Fig. 1. Estimates of relatedness with 95% confidence intervals.
Estimates of relatedness with 95% confidence intervals.
Estimates and confidence intervals are shown for all 325 choose two (52650) P. falciparum sample pairs and are ordered by increasing relatedness estimate. Confidence intervals are coloured according to classifications based on lower and upper confidence interval end-points, where τ is an arbitrary threshold used to classify highly-related pairs. For example, a pair is considered highly-related with τ = 0.25 if the lower end-point of the confidence interval around its relatedness estimate exceeds 0.25. Otherwise stated, if its relatedness estimate is statistically distinguishable from 0.25.

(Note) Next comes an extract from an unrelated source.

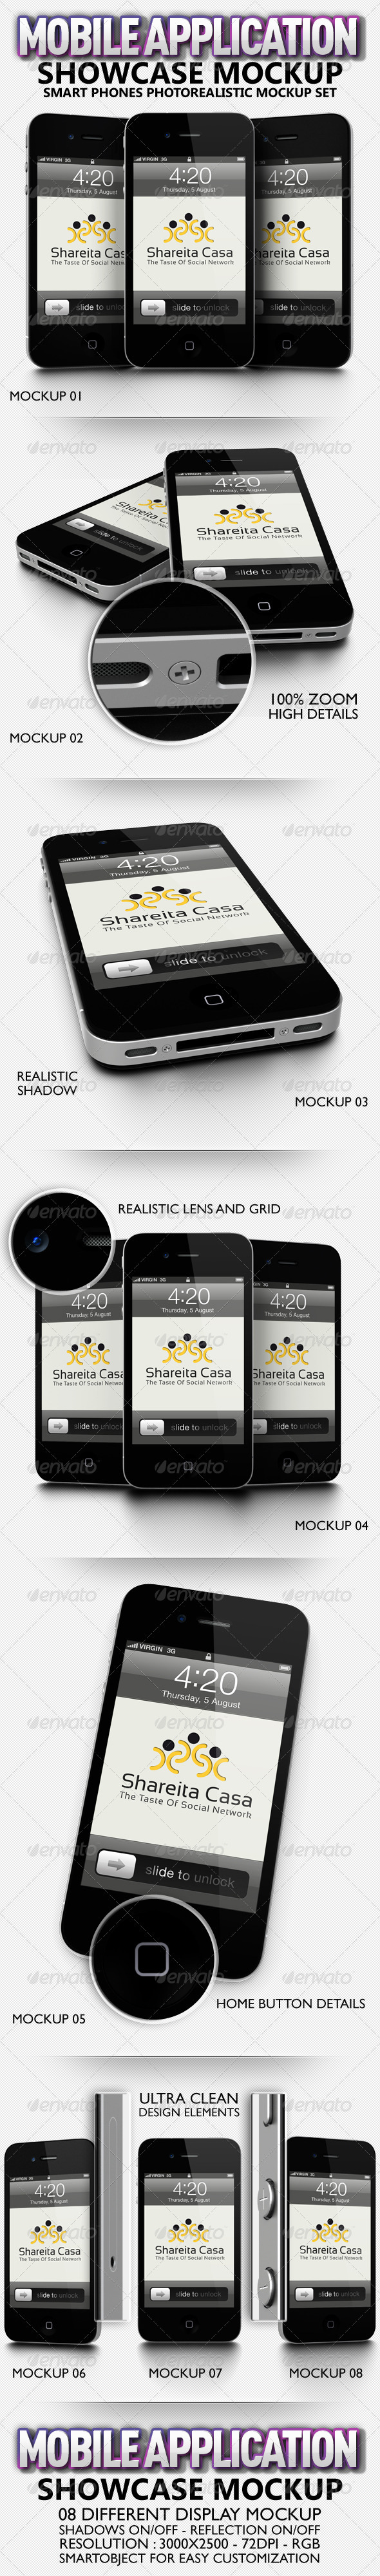 Mobile Application Showcase Mockup - Mobile Displays

Highly-related P. falciparum sample pair fractions partitioned in space and time

In our main analysis (Fig 2), highly-related parasite samples were classified using an arbitrary threshold of 0.25 (Table 1), which corresponds to the expected relatedness between parasites separated by two outcrossed generations, but is hard to interpret in the context of frequent clonal propagation. Despite few highly-related P. falciparum sample pairs overall, there are three notable observations regarding their fraction partitioned in space and time. First, there is a greater fraction of highly-related sample pairs among those collected closer together in time (Fig 2(A)). Second, the fraction of highly-related sample pairs is generally greater within cities than between, with Guapi having the largest fraction of highly-related pairs and Buenaventura having the lowest (Fig 2(B)). However, third, the fraction shared between Buenaventura and Tumaco is greater than expected given inter-city distance (Fig 2(B)). These observations are largely robust to different high-relatedness thresholds (S1 Fig). Spatial trends evaluated using a threshold-free approach are also consistent: they show a general increase in 1-Wasserstein distance with inter-city distance besides Buenaventura and Tumaco (Fig 3). The 1-Wasserstein distance can be interpreted as the total cost required to transport a distribution of parasite samples from one city to another [18, 34], where the cost of transporting a single parasite to another is equal to one minus relatedness. The small 1-Wasserstein distance between Buenaventura and Tumaco is thus consistent with elevated gene flow between P. falciparum populations sampled from these cities.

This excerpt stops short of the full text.